How could these people stand it? Did they not know? Did they not realize? Why did they not scream and scream at the thought their lives would end?
But I did not scream either. The utter truth of death had taken my breath away.
Don’t Die Stupid
&nbs
p; “Are you all right?”
Festina stood by my shoulder, her face filled with concern.
“I am not all right,” I whispered. “I am not all right at all.”
“What’s wrong?”
I steeled myself, then told her the truth. “Things die.”
“Yes.”
“People die.”
“Yes.”
“You and I, Festina—we could die.”
“We will die, Oar. Sooner or later. Maybe in the next second, maybe years from now; but we will die.”
I looked at her. Was this not a good time for my friend to offer an embrace, a comfort, a reassurance? Lajoolie had enfolded Uclod in her arms, but Festina was only watching me—as if she did not want to make the moment go away. As if she wished the thought of death to impress itself on my brain, deeply, deeply, deeply.

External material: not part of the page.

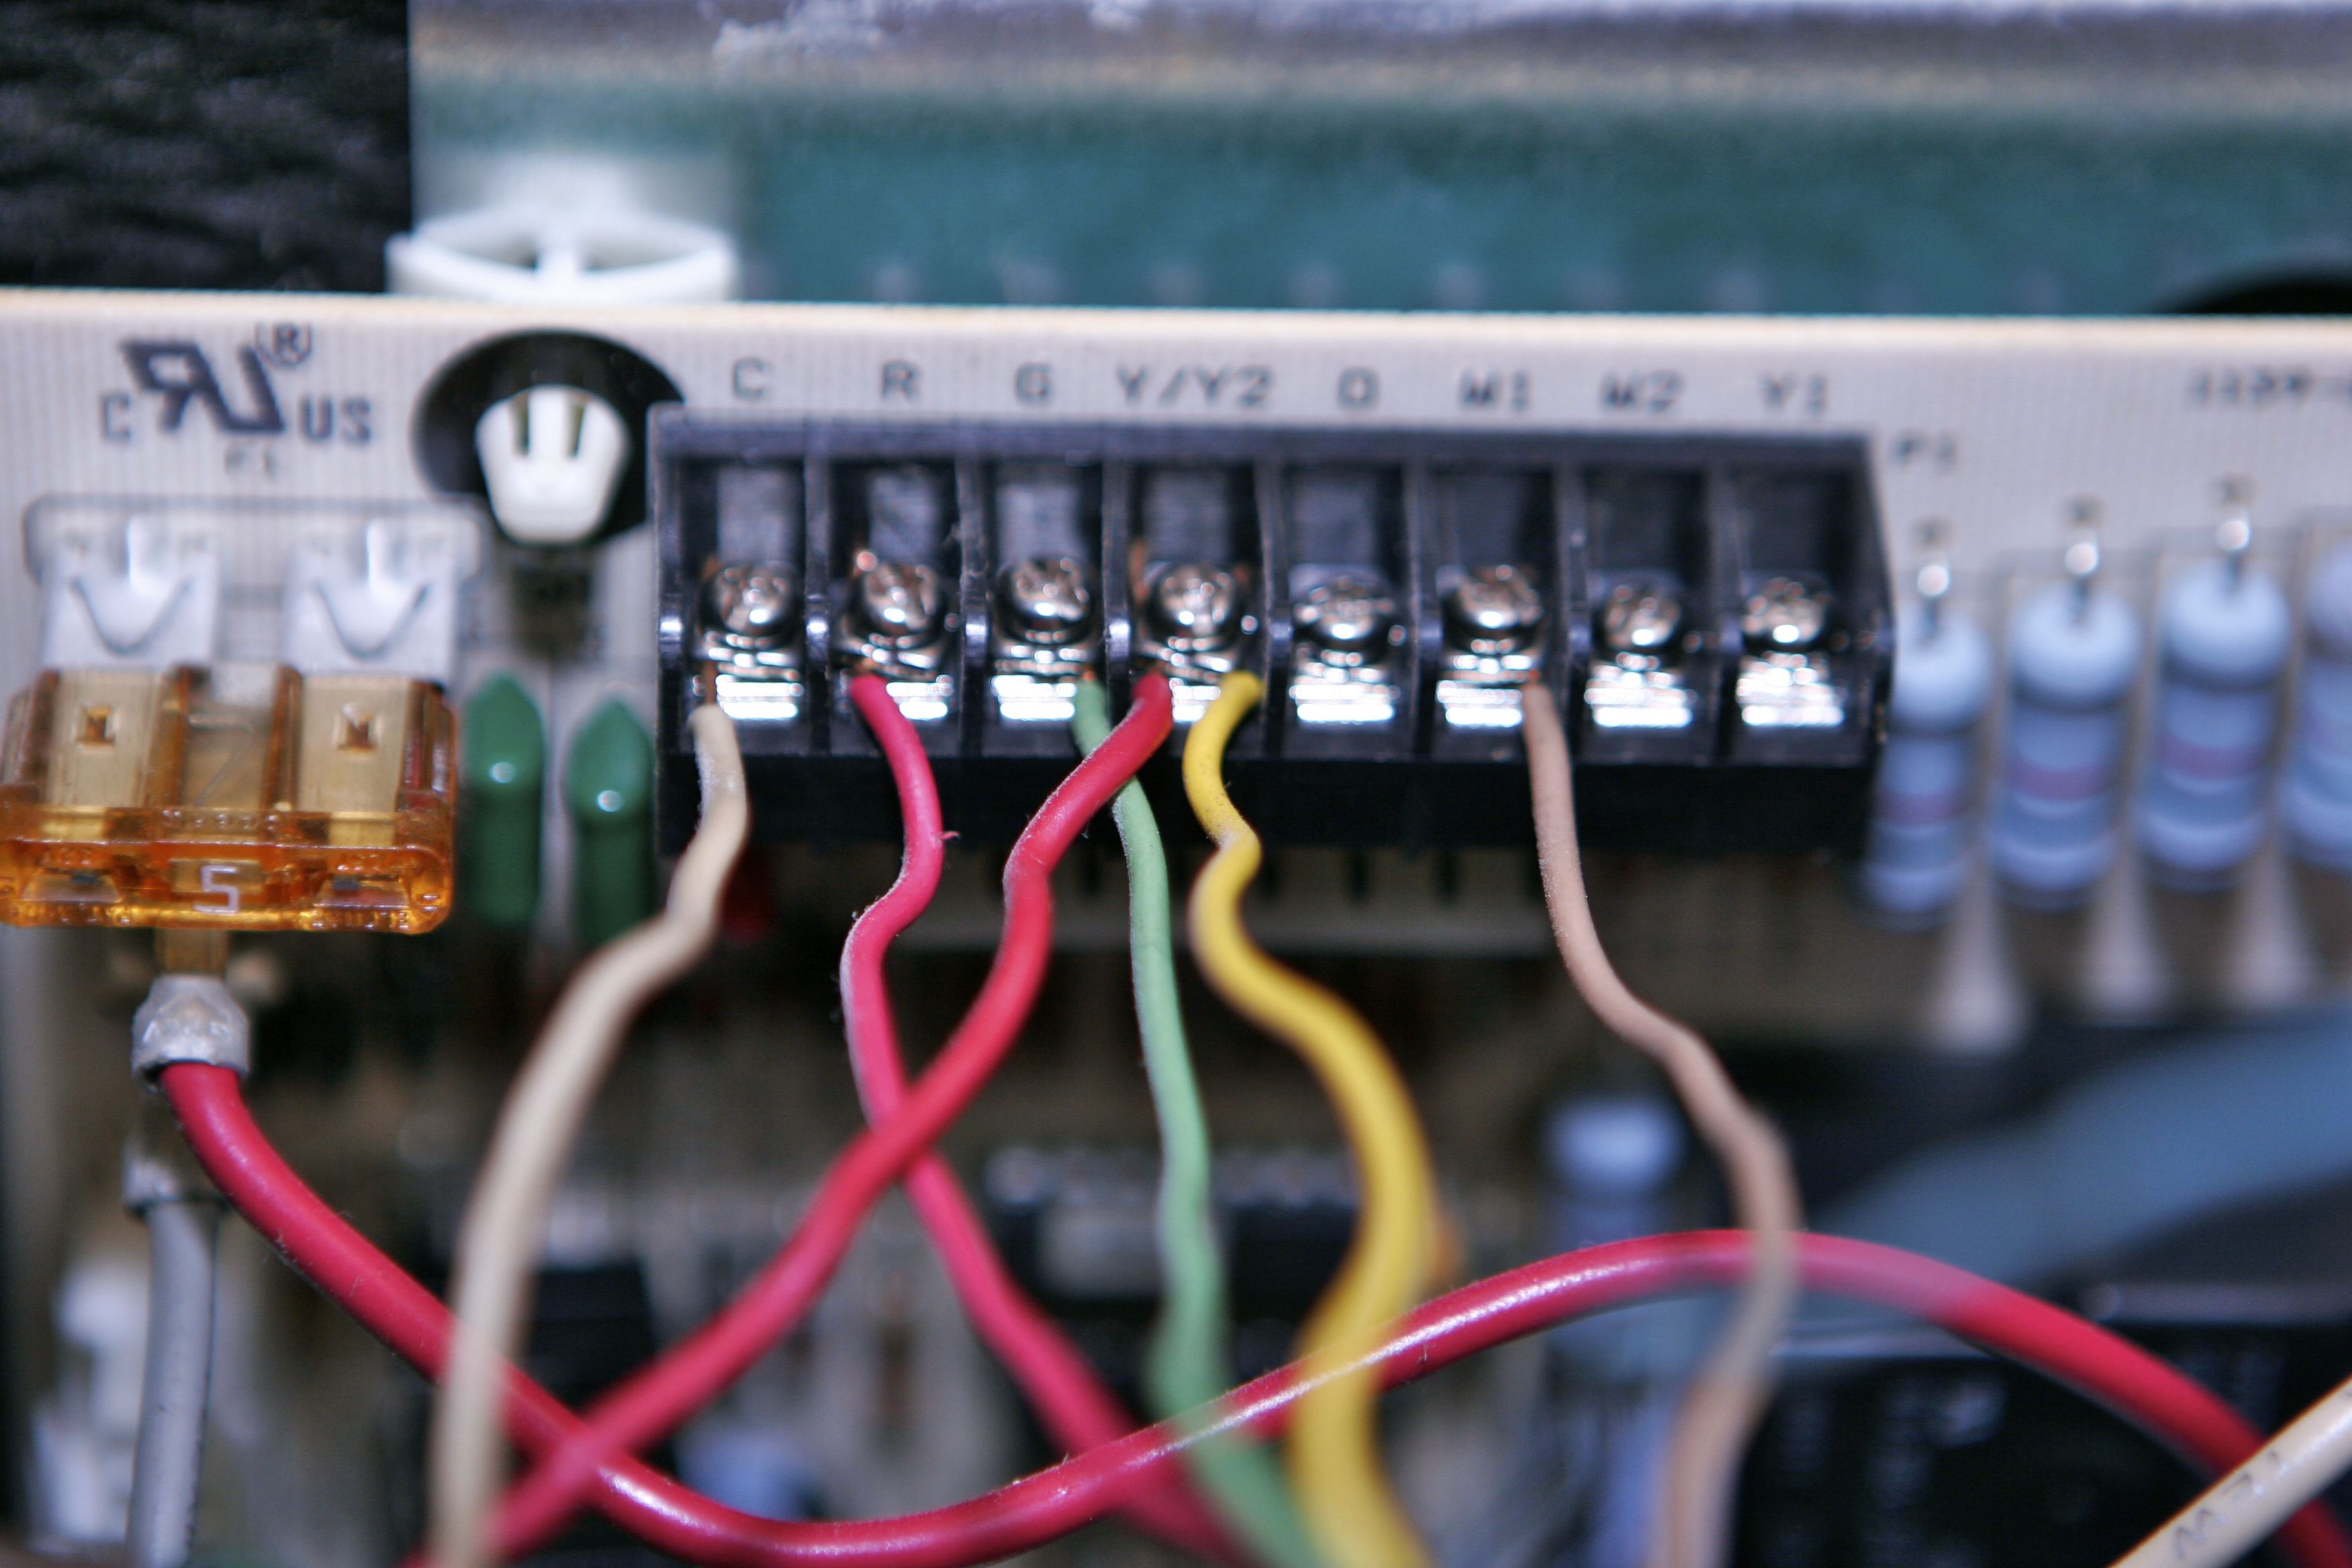 wiring diagram for nordyne gb5bm t49k c nordyne wiring nordyne gb5bm wiring diagram nordyne wiring diagrams for

I fought back tears. “How can you stand it?” I asked. “Why do you not scream and scream?”
“Because screaming doesn’t do any good. Nothing does any good in the long run. Death will come.” Festina locked my gaze with her blazing green eyes. “But we have choices, Oar. There are some deaths we don’t need to accept. If a blood clot hits my brain right here, right now, there’s nothing I can do about it, so no regrets. But if I die from something I could have prevented if I’d just thought ahead…”
She shook her head fiercely. “We Explorers have a saying, Oar—don’t die stupid. It’s got a double meaning: don’t die because of your own stupidity, and don’t die in a state of stupidity. Learn things; learn everything you can. Keep your eyes open. Prepare, prepare, prepare. You’ll still die eventually, but by God, in the final second you can tell yourself you didn’t just throw the fight.”